PCOCC has only 1 crystal and is also known as single crystal copper. PCOCC is manufactured in Japan and there is only one casting machine in the world that makes true PCOCC.
The history
Standard copper is composed of thousands of individual grains of copper. These grains can add an electrical barrier that is undesirable for high-end audio and video applications.
Normal, high purity copper has about 1500 grains in each foot (5000/m). The signal must cross the junctions between these grains 1500 times in order to travel through one foot of cable. These grain boundaries cause the same type of irritating distortion as current crossing from strand to strand.
In 1985, a method for the extrusion of a grain free copper wire was developed by Professor Ohno in Japan.

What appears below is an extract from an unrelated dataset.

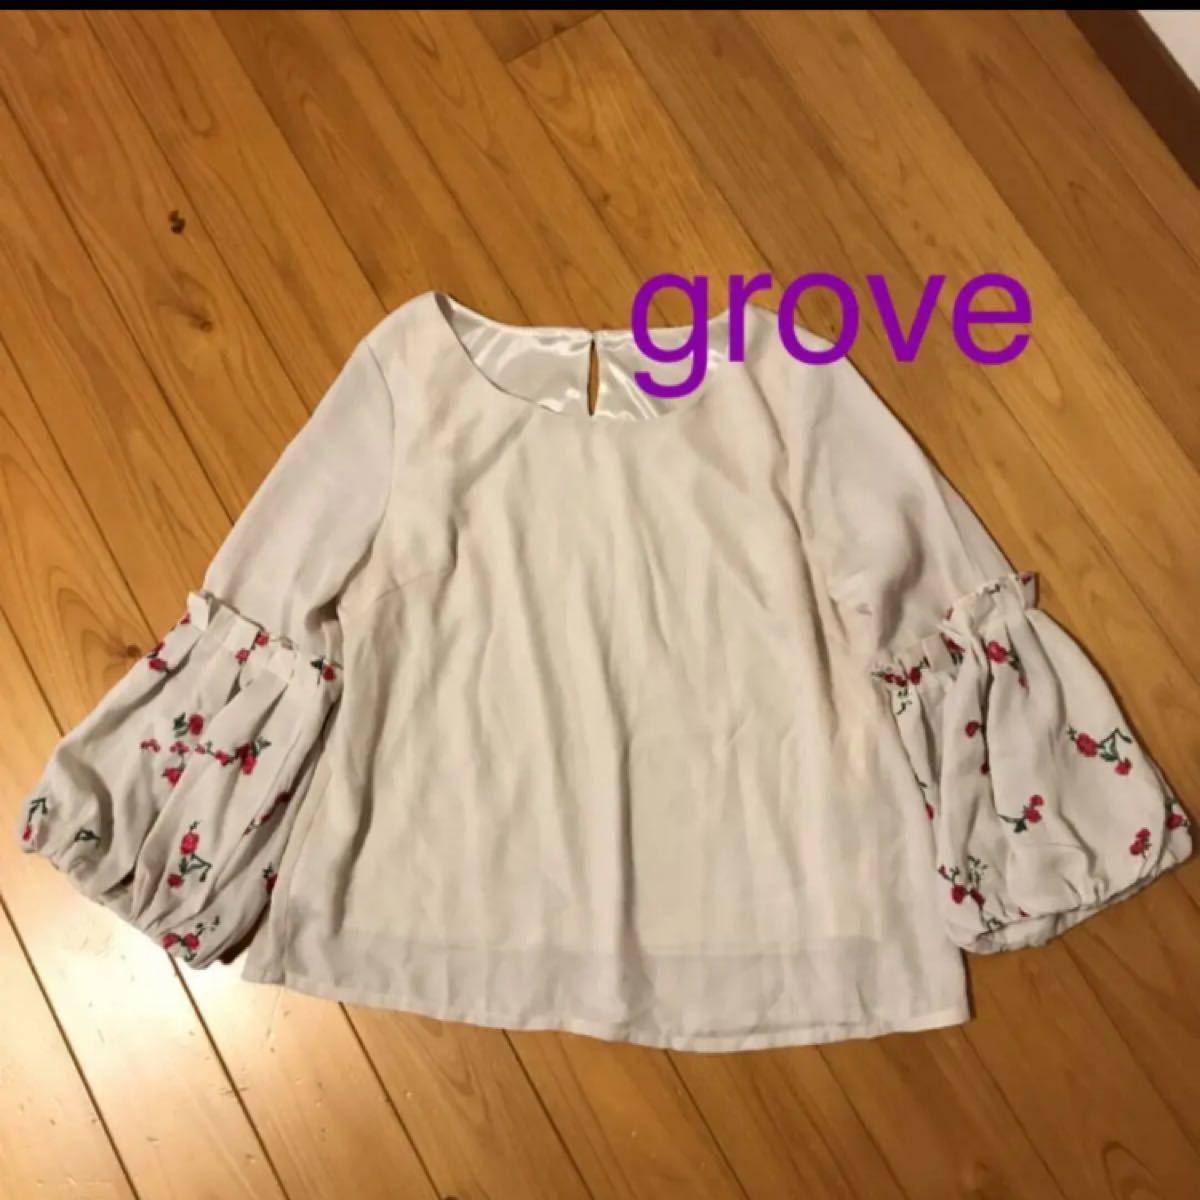 grove    春 花刺繍のトップス

Known as The Ohno Continuous Casting Method, molten copper is forced out of the mold and very slowly draws the grain down the conductor’s length, creating a ‘single grain structure’.
Other types of copper for cables
The first grade above normal high purity copper is called Oxygen-Free High-Conductivity (OFHC) copper.
The next higher grade is an elongated grain copper sometimes called “linear-crystal” (LC-OFC) or “mono-crystal”. These coppers have been carefully drawn in a process that results in only about 70 grains per foot. Cables using LC-OFC have an obvious audible advantage over cables using the same designs with OFHC.
The best copper for cables is PCOCC, because of its characteristics of single crystal, unidirectional, free of impurity, flexible fatigue-resistance, corrosive-resistance, low electric resistance, zero-crystal boundaries and excellent signal transmission ability.